PSCI: Introduce new platform interface to describe topology

This patch removes the assumption in the current PSCI implementation that MPIDR
based affinity levels map directly to levels in a power domain tree. This
enables PSCI generic code to support complex power domain topologies as
envisaged by PSCIv1.0 specification. The platform interface for querying
the power domain topology has been changed such that:

1. The generic PSCI code does not generate MPIDRs and use them to query the
   platform about the number of power domains at a particular power level. The
   platform now provides a description of the power domain tree on the SoC
   through a data structure. The existing platform APIs to provide the same
   information have been removed.

2. The linear indices returned by plat_core_pos_by_mpidr() and
   plat_my_core_pos() are used to retrieve core power domain nodes from the
   power domain tree. Power domains above the core level are accessed using a
   'parent' field in the tree node descriptors.
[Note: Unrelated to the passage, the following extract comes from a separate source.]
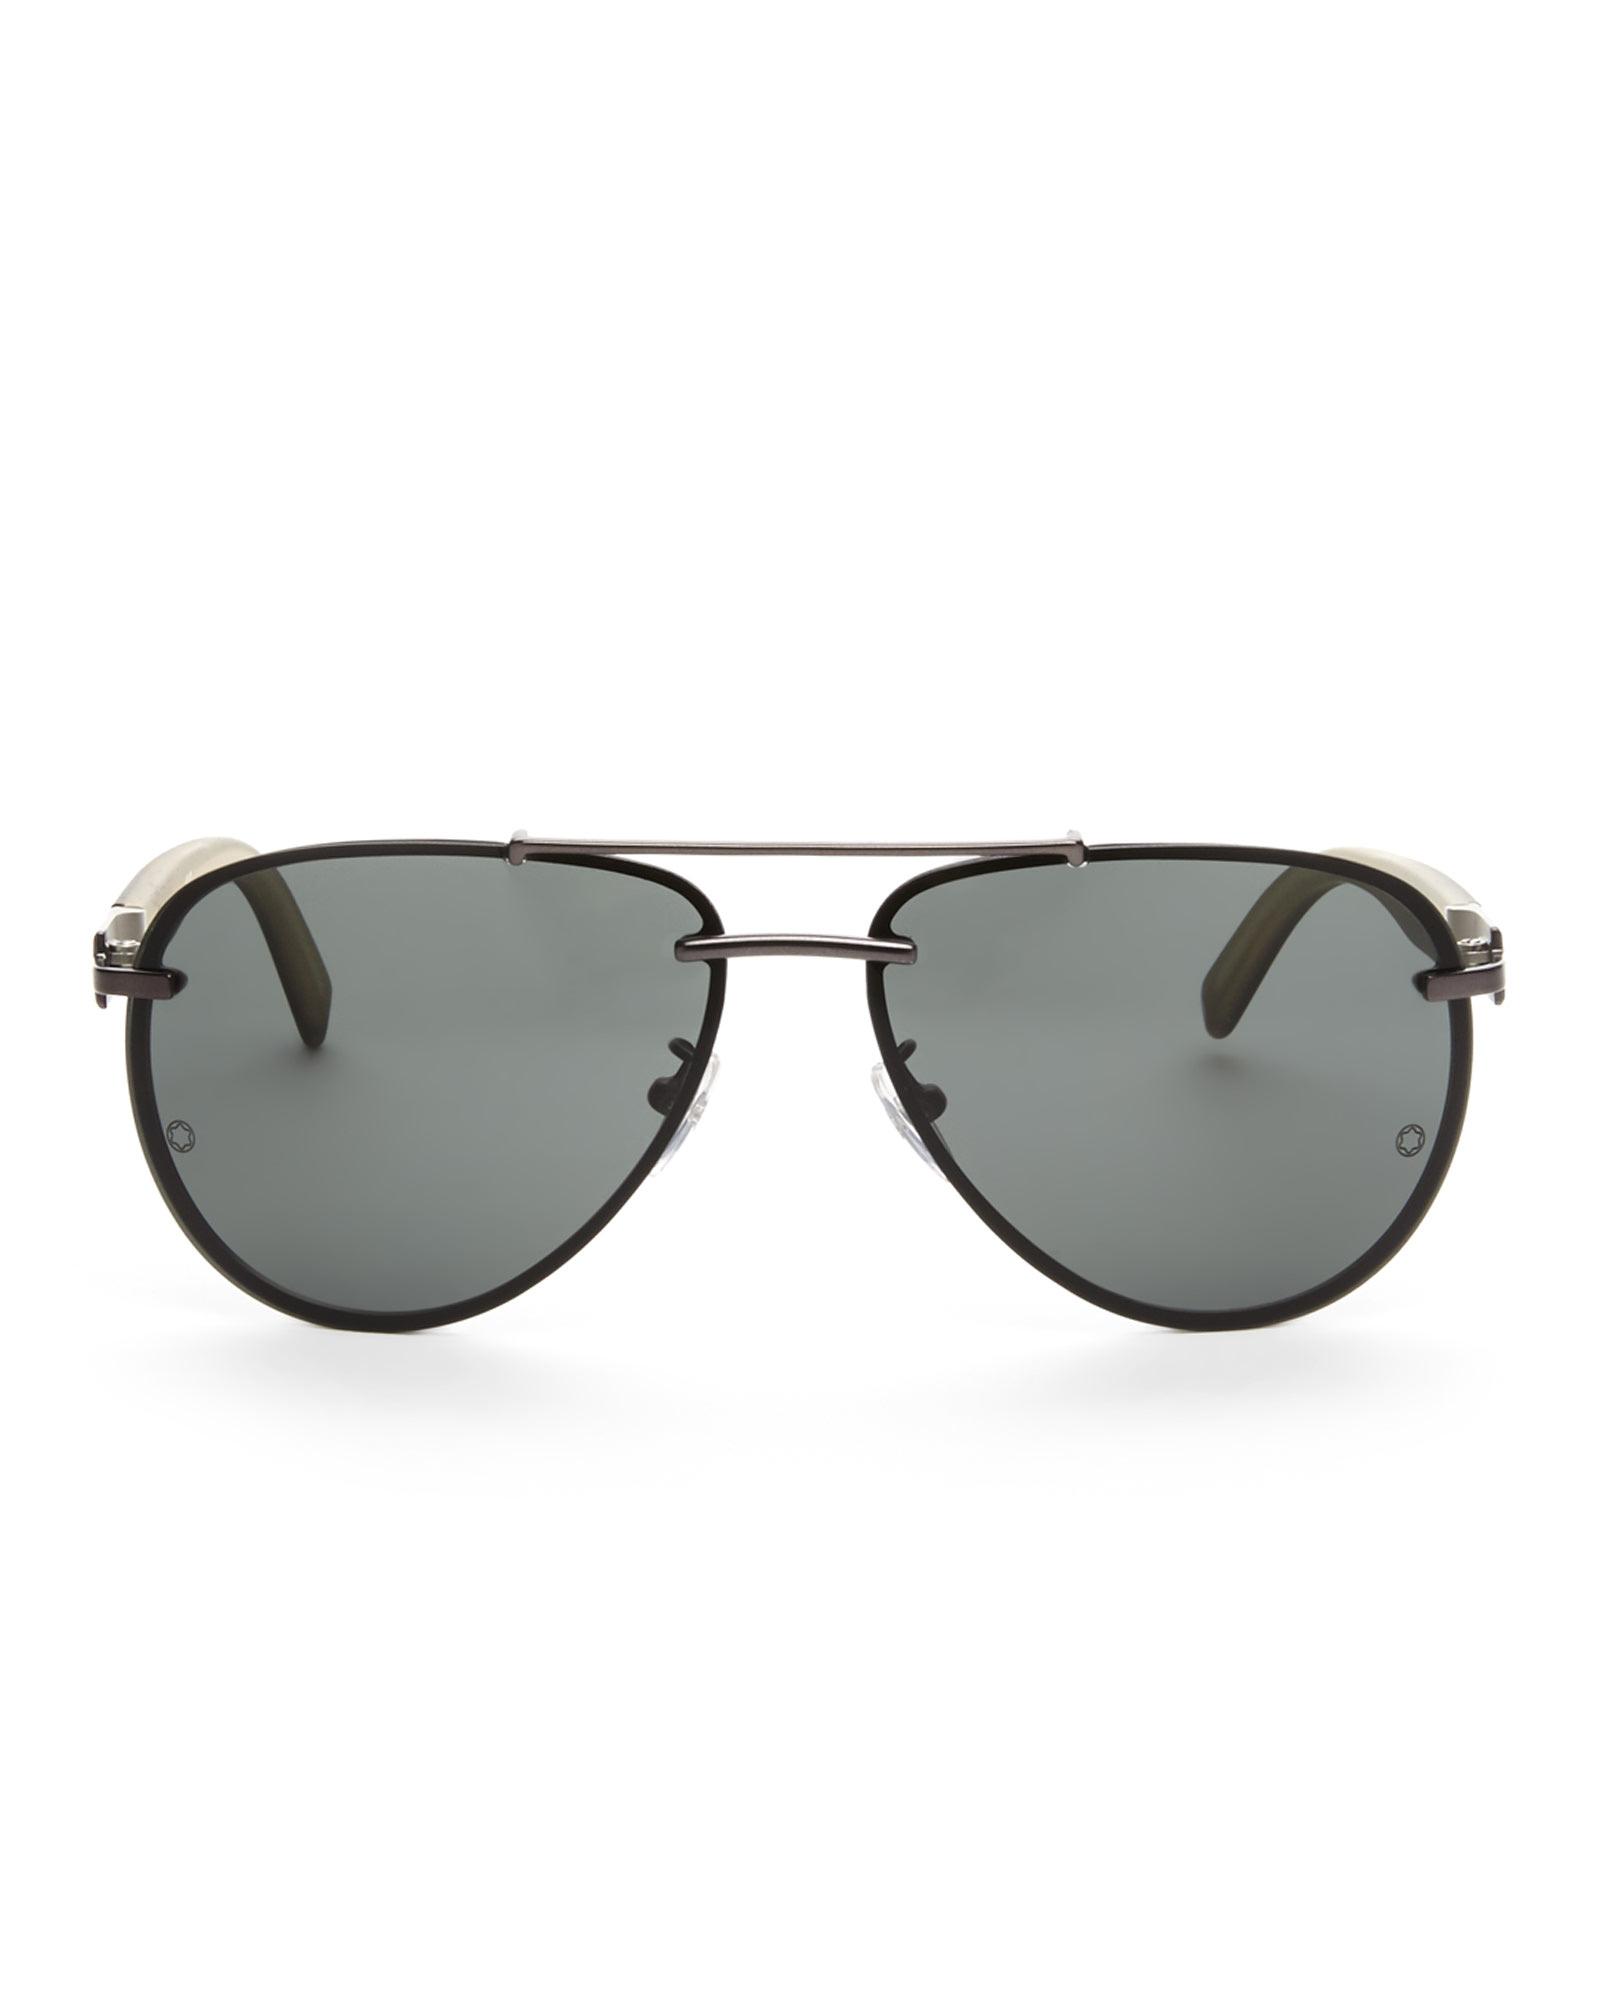 be26109e9d5 Mango Semi Rimless Aviator Sunglasses « Heritage Malta

The platform describes the power domain tree in an array of 'unsigned
char's. The first entry in the array specifies the number of power domains at
the highest power level implemented in the system. Each susbsequent entry
corresponds to a power domain and contains the number of power domains that are
its direct children. This array is exported to the generic PSCI implementation
via the new `plat_get_power_domain_tree_desc()` platform API.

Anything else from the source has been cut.